Documenting my family's past for future generations. My family tree includes the Smith/Mansell families of Alabama and Oklahoma, the Castle/Day families of Kentucky and Oklahoma, the Wheat/Ming families of Texas and Oklahoma, and the Bell/Roberts families of Mississippi, Tennessee, and Oklahoma.

Tuesday, September 17, 2013

Questions and More Questions

My brother and I--about 1960
My brother and I don’t look anything alike. I certainly didn't inherit his athletic body type. According to Family Tree DNA, however, we are full siblings, not that I had any doubt. It has been most interesting to compare our matches with cousins from different branches of our family. I had even wondered how productive it would be to have him take the Family Finder test, because I assumed our results would be pretty much the same. Not so. While we match many cousins to the same extent, we have found that his matches with some are much greater than mine.

At Family Tree DNA you find out right away how many total centi-Morgans (units of distance along a chromosome) you have in common with your match, how long your longest stretch of identical DNA is, and their estimation of how many generations away the two of you share a common ancestor (MRCA—Most Recent Common Ancestor.) You can then upload your results to Gedmatch and compare with cousins who tested at other testing companies, such as or 23 or Me.

For both my brother and me, one of our very closest matches is to a Castle cousin. But while I have a total of 83.33 cM’s in common with her, my brother has a whopping 127.71. My brother’s longest strand with her is 51.61; mine is 55.03. I’m finding out that’s a large strand. FTDNA and Gedmatch identify longest strands down to 7 cM’s as being from probable relatives. The fact that we have such large identical strands with our Castle cousin shows that we are pretty closely related. In fact, I know that we are 3rd cousins. Our great-grandfathers were brothers.

It hasn’t always been so easy to figure out how I am related to my FTDNA matches. I have even shared emails with a couple of my matches, and we finally gave up when we couldn’t figure out where our families link. My largest match at 129.91, estimated to be a 2nd cousin, is Herbert Archie Miller. I have absolutely no idea who he is, and at a 2nd cousin level, I really should know him. Not only is his name not familiar, but I also do not recognize a single surname in his list. Another of my largest matches at 118.34 is a Huff cousin. My brother does not match him to this extent, but he matches another Huff cousin at 103.21 total cM’s, and a longest strand of 39.25. Interestingly, my match with this cousin does not even show up on FTDNA because nowhere do I match him at more than 7 cM’s.

With the very hard work of my Huff cousin, Barbara Joiner, we have been able to use our FTDNA and Gedmatch results to test some family relationships. For example, we know that our great-great-grandmothers, both probably raised in the home of William and Susannah Huff and identified as sisters on many trees, are not. How do we know this? Because Barbara, great-great-granddaughter of Ellender Huff, has a mtDNA haplotype of J; my mtDNA haplotype, inherited from my great-great-grandmother Elzina, is T.

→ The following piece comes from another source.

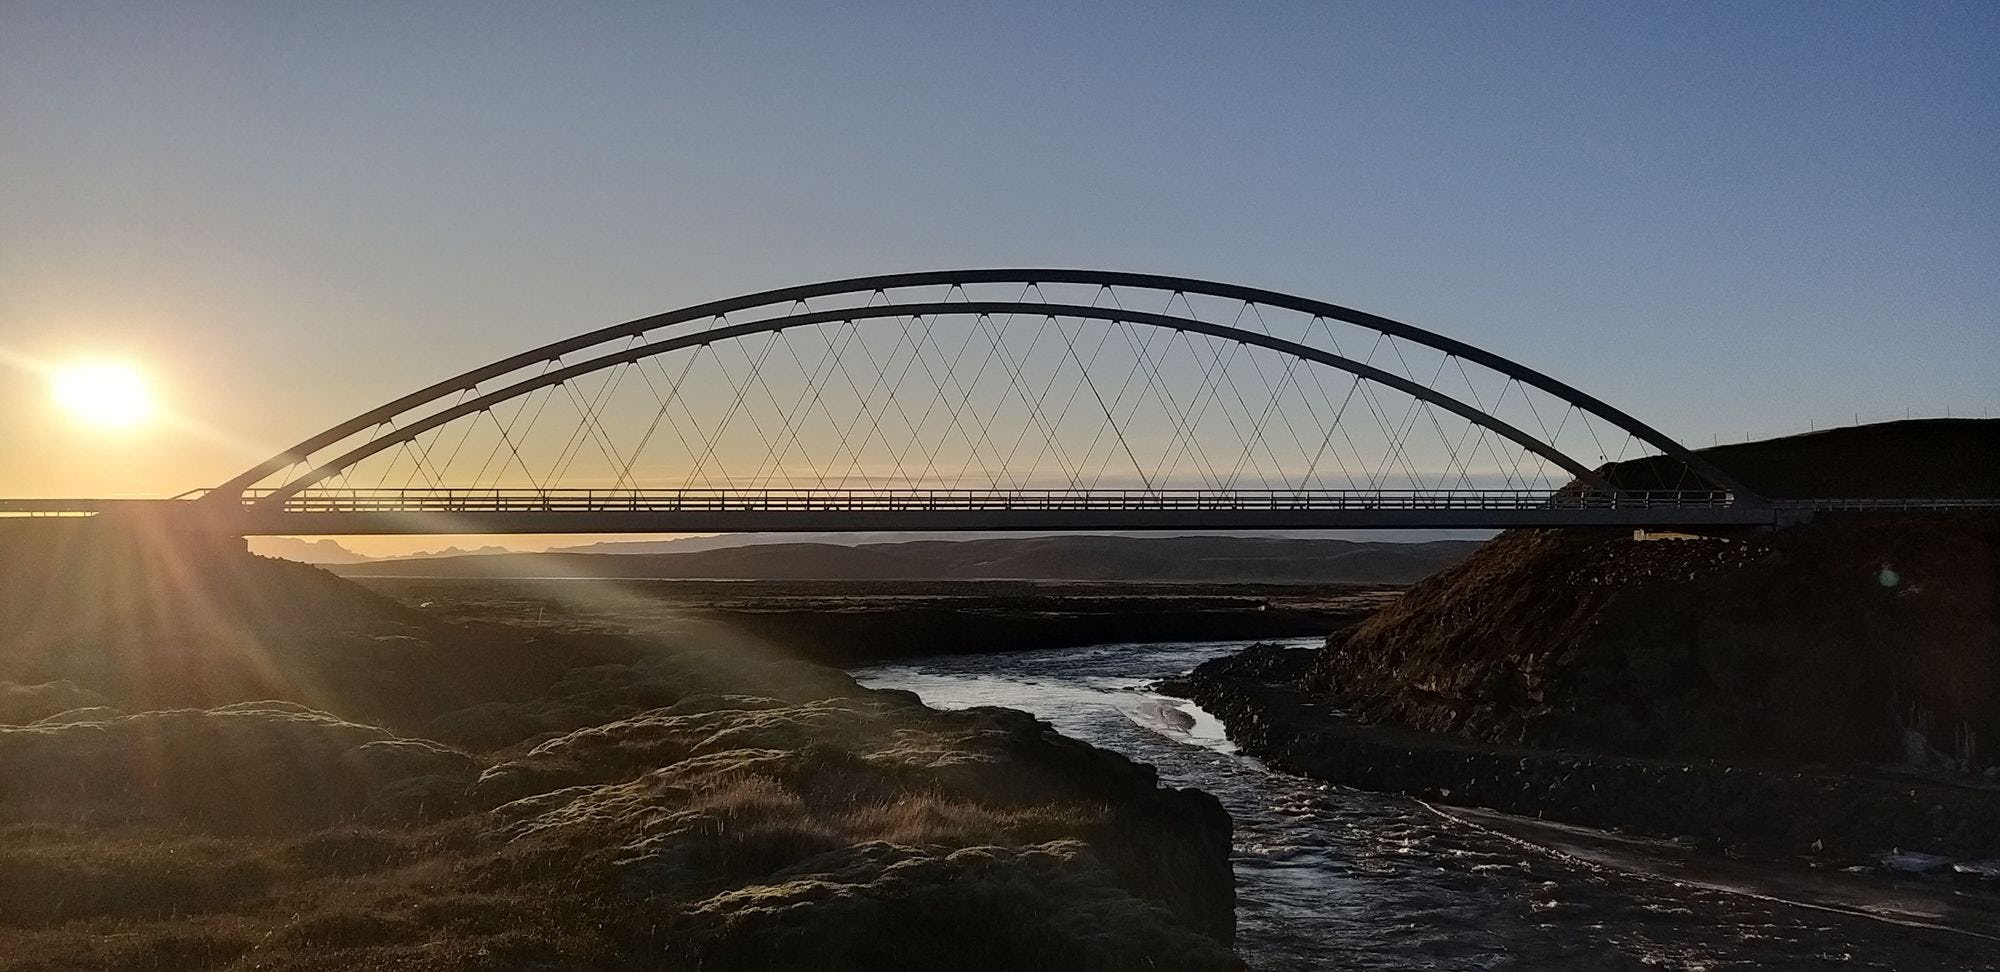 An arched bridge spanning across a river, captured at sunset

I also know that somehow I have Pharris DNA that Barbara does not have, because I match several Pharris cousins from Jackson County on FTDNA and Is this because Elzina’s mother was a Pharris, perhaps an earlier wife of Sam Huff whose marriage to Lucinda Hardcastle occurred when he was 38? Or was Elzina’s mother a Huff who was never married to the Pharris man who became Elzina’s father? The answers in DNA only lead to more questions.

It’s amazing how many Huff cousins have tested their DNA—probably because, like me, they have come to a brick wall with the Huffs of Jackson County. Barbara has made a chart, which now includes at least 30 cousins, and compares everyone’s total cM’s, longest strand, and MRCA. Most of us have a MRCA of 6 generations back, so we think we may all have common ancestors in Leonard Huff, born 1721, and his wife Elizabeth Stout.

Both FTDNA and Gedmatch will let you compare your DNA with your cousin’s, chromosome by chromosome. The task now is to chart all these matches. Eventually, with enough cousins from different branches, including the families that married into the Huffs, and enough work, we should be able to identify exactly which stretches of DNA on which chromosomes are Huff DNA, or Pharris, or Roberts.

That’s why I’ve been especially excited that I have discovered two new cousins that descend from Caleb Roberts and his wife Sally Huff. You can easily see that they are related to my brother and me on both the Huff and Roberts sides because it looks like our MRCA is closer than it really is. (A little factoid I learned from my more DNA-educated Huff cousins.) The task now is to chart our matches from Chromosome 1 to Chromosome 22 in an effort to find areas where we all (my brother, me, and our two new cousins) match, but areas that do not match Barbara and the other purely Huff cousins. Maybe we can then say that this is Roberts DNA.